Anyhow, more viscerally, it looks like Lloyds will be writing down another mountain of turds this quarter. Man, that's sooooo 2008! That commerical property has led the losses is particularly telling, given that US bank earnings kick off tomorrow with the mighty GS. One of the reasons for ongoing bearishness and scepticism over US financials has been the elephant in the room that is looming commerical property losses.
Of course, that's more of an issue for later in the year and into 2010. Of more immediate concern for the "all is well" crowd may be the renewed decline in that old chestnut, the Baltic Dry Index. While Macro Man pooh-poohed the significane of the rise earlier in the year, subsequent evidence clearly confirms that it foreshadowed a rally in equities and commodities. So we should perhaps pay some attention to the fact that it's tailed off again recently, particularly in light of the "commodity stock-piling is over for now" stories coming out of Beijing.
In that vein, it's intersting to observe that some heretofore resilient EM equity markets are reaching interesting technical junctures. Ship-building titan Korea, for example, made its highs of the year last Thursday. But it fell sharply today; much lower, and the KOSPI show could face cancellation.

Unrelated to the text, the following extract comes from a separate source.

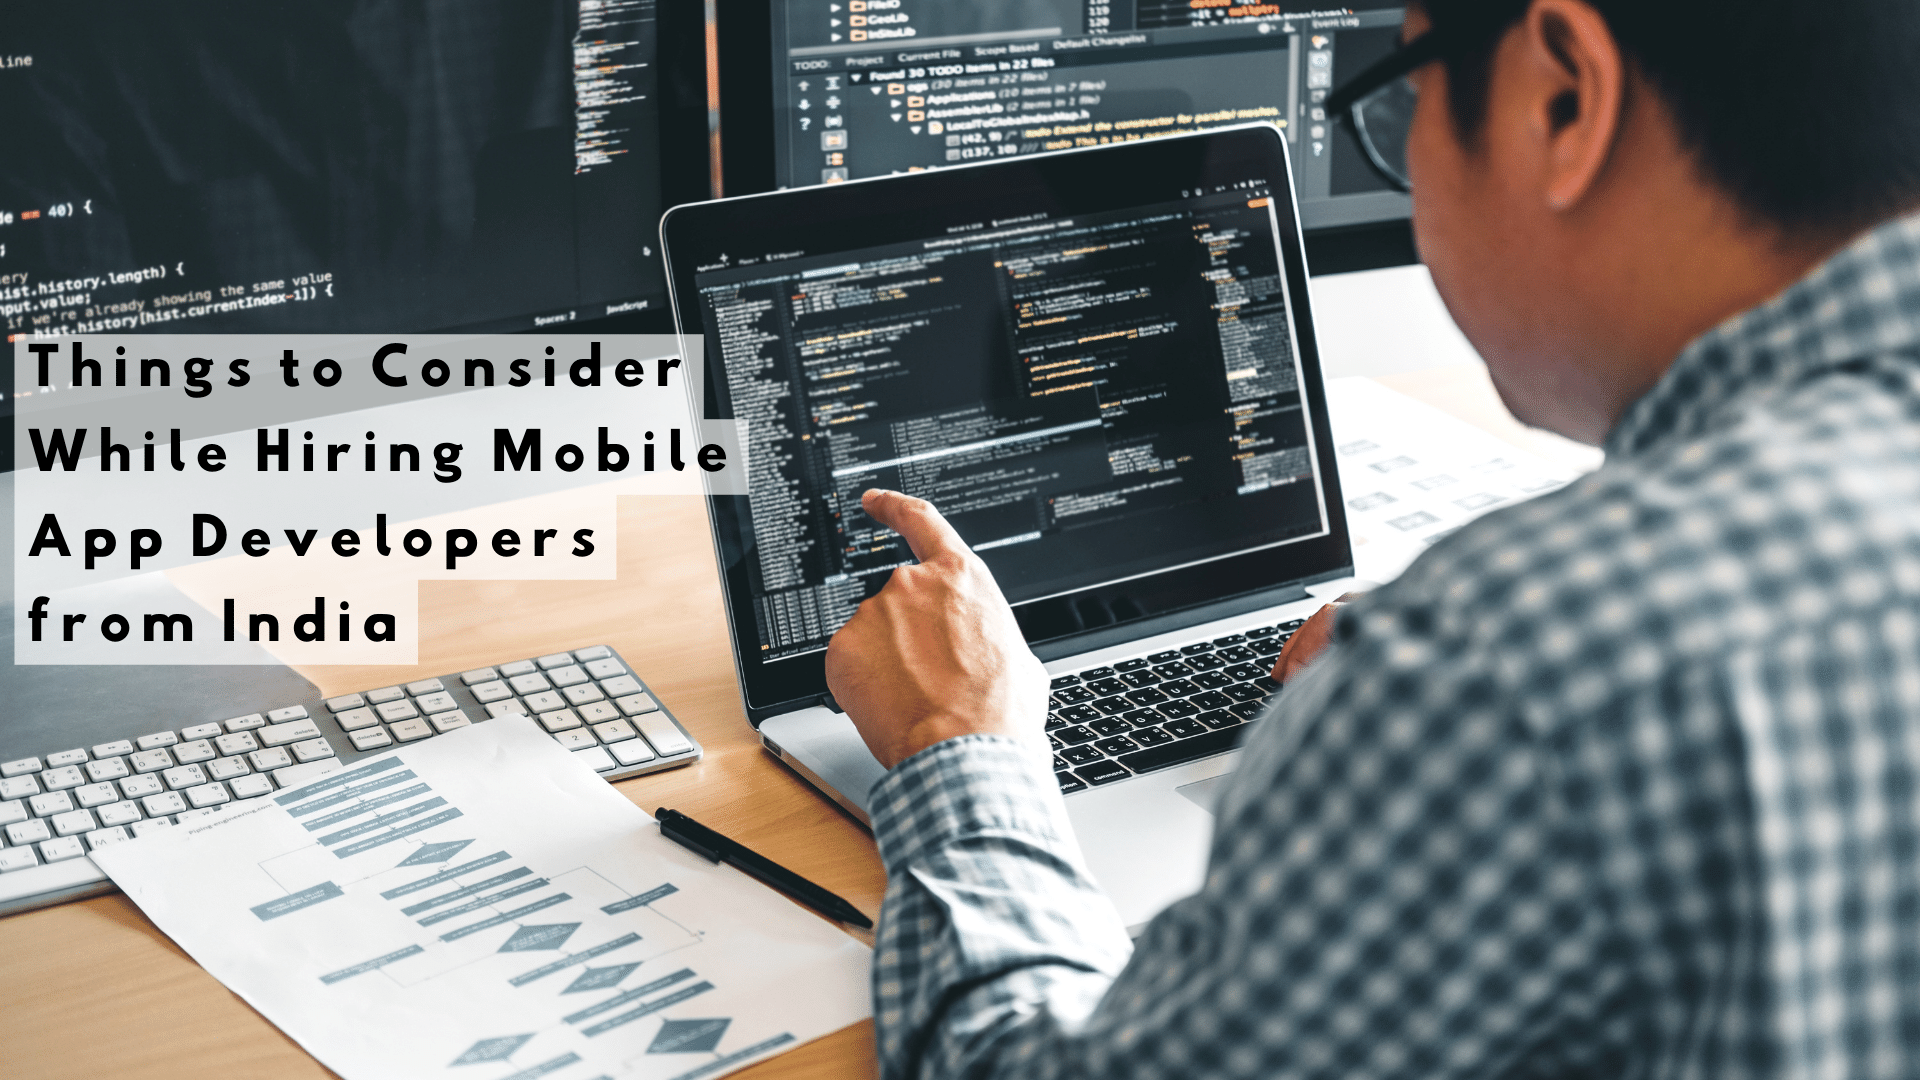 Things to Consider While Hiring Mobile App Developers from India

More broadly, Macro Man was struck by a Bloomberg story today suggesting that EM stocks are now at their most expensive levels since October 2007. EM overweights have been a popular position, both according to record-high flows and anecdotal surveys from the likes of ML and CS.
Interestingly, the MSCI emerging markets index, proxied by the EEM ETF, has traced out a virtually identical head and shoulders pattern to those seen in more developed, "un-de-coupled" markets.
The difference, of course, is that the EEM has yet to break its neckline. If it were to do so, prompting an outflow of profit-taking, Macro Man can't help but wonder if that could be the much-discussed missing catalyst to send global stocks sharply lower.
(Yes, Macro Man's talking his book here.....but if you'd been long EM stocks for 30% and then saw them start to head lower in a haurry, wouldn't you wanna ring the register?)